Don’t you hate it when another artist manages to tell your own life story better than you probably ever could? I saw 500 Days of Summer yesterday, and it’s basically the story of me and one of the guys I went out with recently. Making it all the more awkward was the fact that I happened to be seeing it with that guy, the two of us having chosen the movie basically because of the cast and commercials or whatever, and not really knowing what it was about beforehand. Early in the movie, my friend (We’re friends now) started laughing at some of the comments made by the main character and whispered that he reminded him of me a lot. By the time that the character was talking to the girl he was seeing in the film about how he wanted a title, and she was hesitant about the two of them being official and he was playing it off like he agreed with her and didn’t care, I was thinking that I should send the filmmakers a letter demanding royalties, because I remember very distinctly having written that dialog in conversation with the guy I was sitting next to, just a few months ago. I think the only scene in the movie that I haven’t experienced in some way yet is probably the last one, where he meets a new girl named Autumn, (The previous girl having been named Summer, hence the title of the movie) and we’re meant to believe that she is in fact his soul mate, or they were meant to get together, or something like that.
I go back and forth with myself about whether I am still expecting that last scene to play itself out for me but I do, in between my phases of whorishness, consider myself to be a romantic at heart. Anyway, It was a better movie than I expected and one of very few heterosexual romantic comedies that I’ve really felt an identification with. There are bits in a lot of Woody Allen movies that I can link up to scenes in my own personal drama, and I’m told (By an ex boyfriend who got very quiet and sullen upon watching the film with me), that I bear a strong resemblance to John Cusack’s character in High Fidelity. I’ve seen a lot of myself in Eternal Sunshine of the Spotless Mind, but that’s simply one of the best films ever made about relationships, and I think anybody who’s ever been broken up with and felt the experince very deeply will find that movie able to speak to them.
Sometimes I’m irritated with these things, sometimes not. Blood on the Tracks almost makes anybody writing about a breakup superfluous, because it says just about everything and says it better than you ever will. But I guess the point isn’t just to say it, but to say it in your own voice. To paraphrase Stanley Kubrick, every story’s been told, and it’s our job to tell it a little bit better. That’s intimidating too, though. It takes a lot of balls to say that you want to tell something better than Stanley Kubrick or Bob Dylan or Charlie Kaufman told it. So I’ll settle for the goal of telling it in my own way.
What all this has to do with the above picture is that I recently discovered the R. Crumb collection Gotta Have ‘Em, which is a compilation of his portraits and sketches of the women in his life. It’s arranged chronologically, and in the introduction he explains that he sees it as an autobiography of sorts, through his observations of the people in his life. The description struck me because, as people going to this website may have noticed, one of the things I’ve been working on recently is a collection of drawings of the guys that have played various roles in my life recently, and I’ve given a lot of thought to how these different series of comics and illustrations I’m doing can eventually be combined into a series of collections (The first one is planned to be called, Hot Mess) that would comprise a sort of, well, autobiography.

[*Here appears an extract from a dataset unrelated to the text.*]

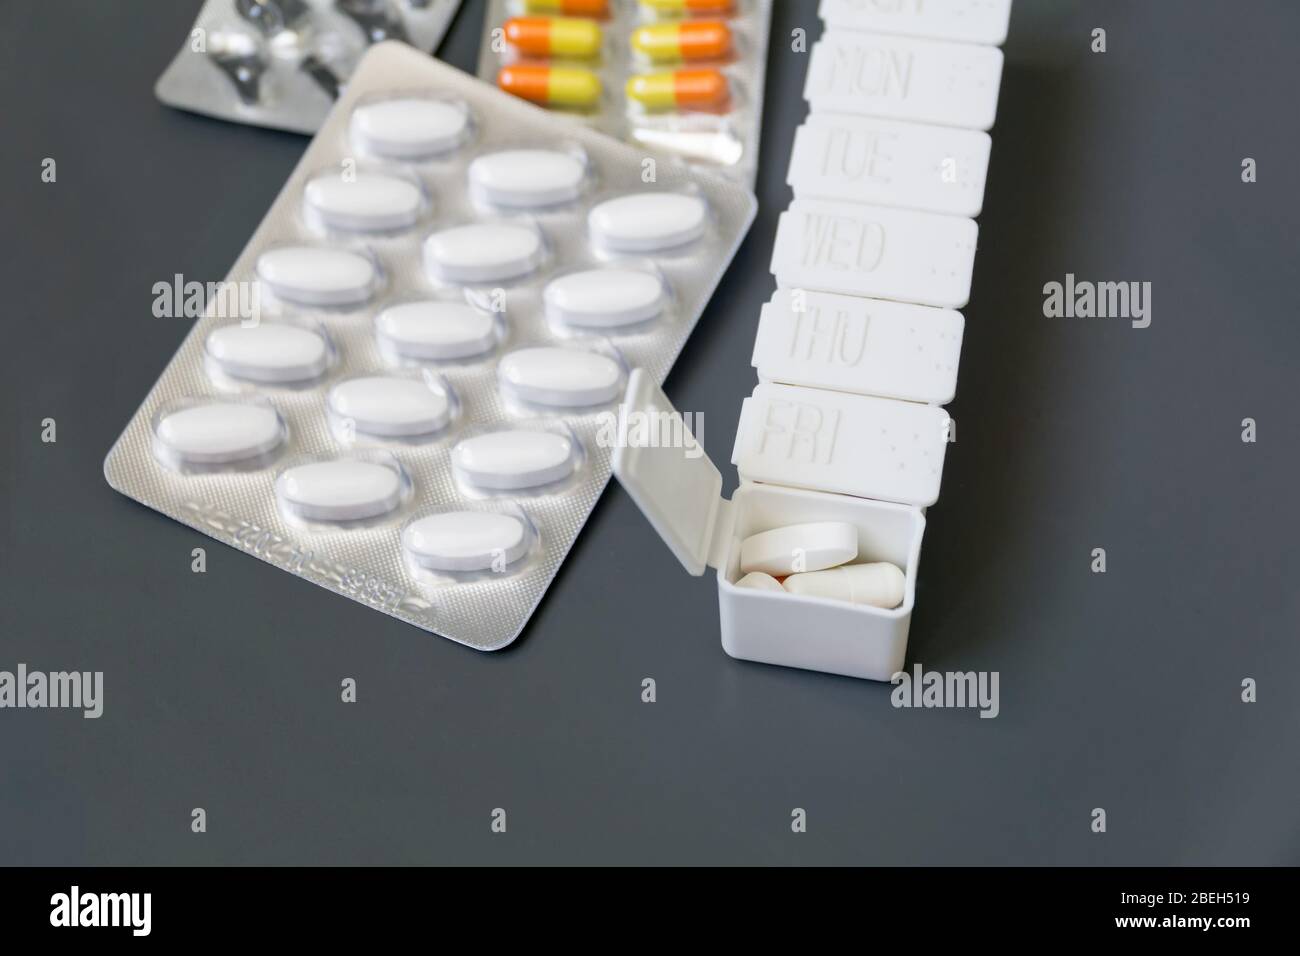 Pastillas, tabletas y cápsulas de medicina de diferentes colores en la caja de pastillas sobre fondo gris, enfoque selectivo. Atención de salud. Foto de stock
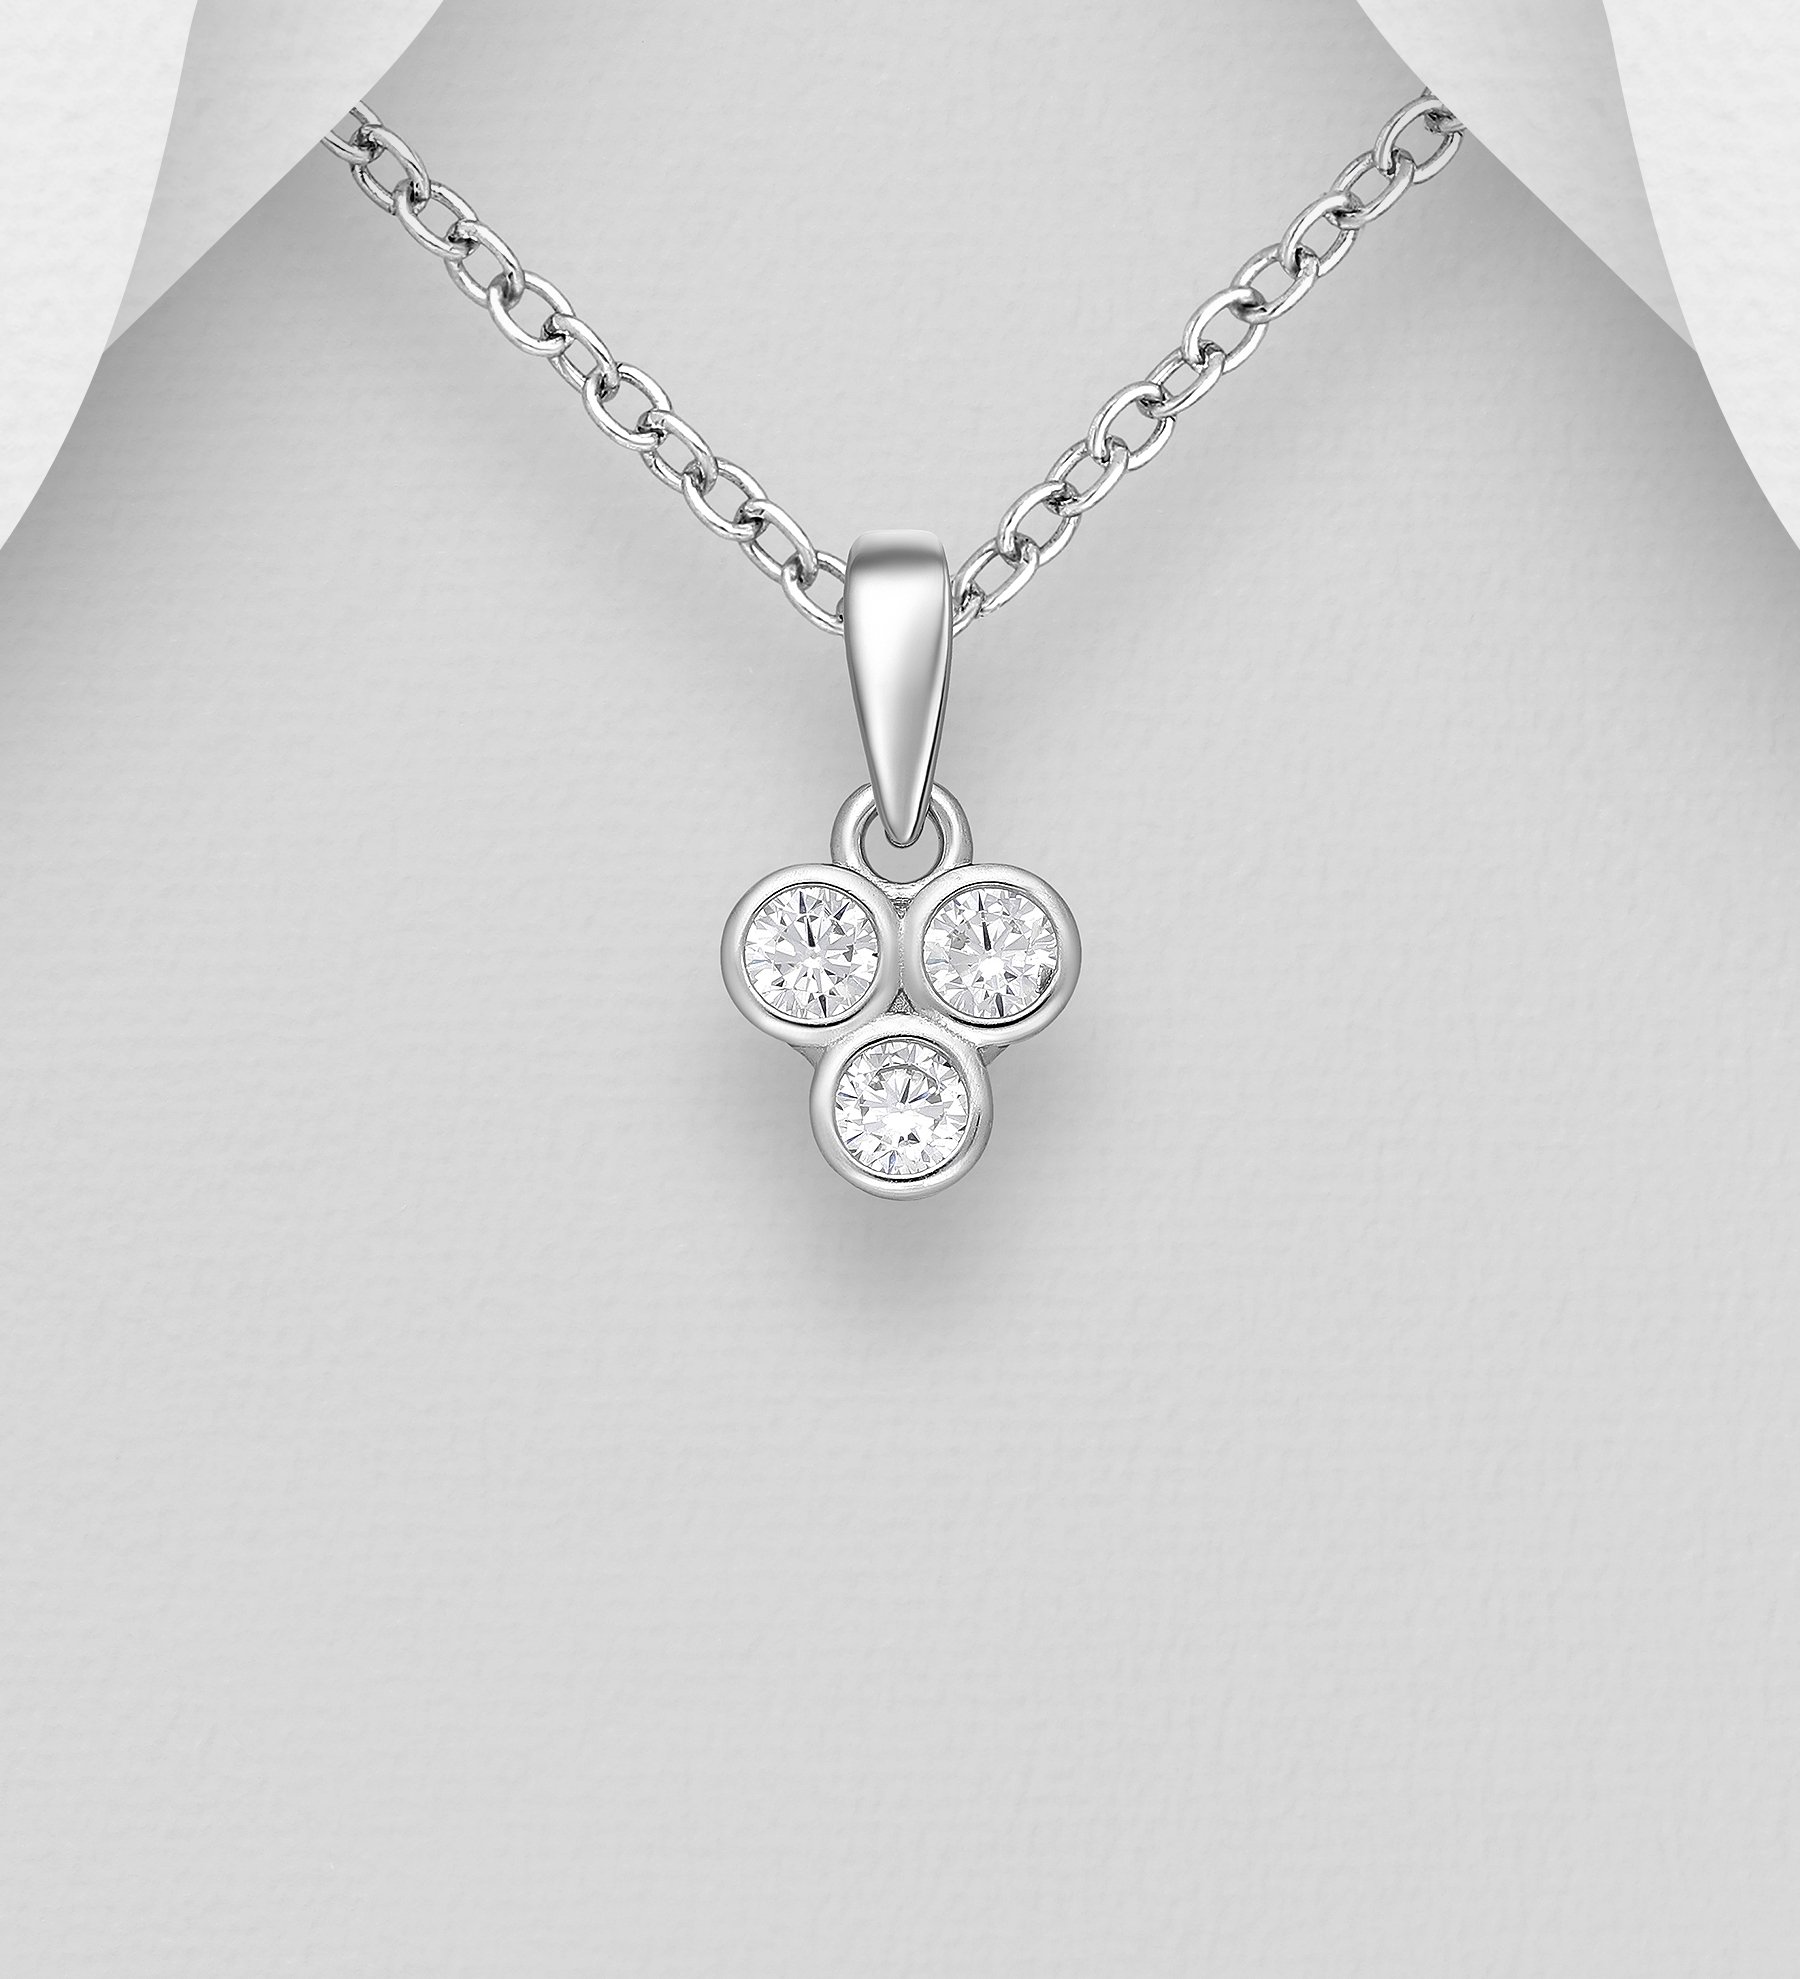 Silverhalsband hänge av tre runda Cubic Zirkonia stenar - vackert halsband till tjej/ dam i äkta 925 sterling silver

So, hey, should I be surprised that whatever I come up with, one of my heroes has probably already done something similar and grander? I guess it’s something you have to live with. Yep. But, like I was saying, I’ll just have to try to do it in my own way… And I’m pretty sure that R. Crumb wouldn’t really want to draw any of the boys that I’ve decided to draw, and if he did, I’m pretty sure that they wouldn’t evoke the same feelings for him that they do for me. None of them, afterall, have giant butts or bird heads. So, with that overlong explanation, I’ll link to the actual purposed of this post: a new galley of my boy portraits on comicspace.com/rickworley .








I’ve read a couple of different interpretations of the last scene of (500) Days of Summer… in one, Autumn is supposed to be the be-all soul mate he’s been looking for; in the other, she will simply be another repeat of what happened with Summer with the main character never having learned a lesson from the first iteration.
I don’t know which to believe because both are plausible. The fact that love (and relationships) often hurt like hell is certain a theme in the movie, but the ending is much like a glass with water filled to the half way mark: is it half empty or half full? To a point, I think the writer leaves us with that question: do we believe in love? Our choice in that belief colors our perception of the end scene.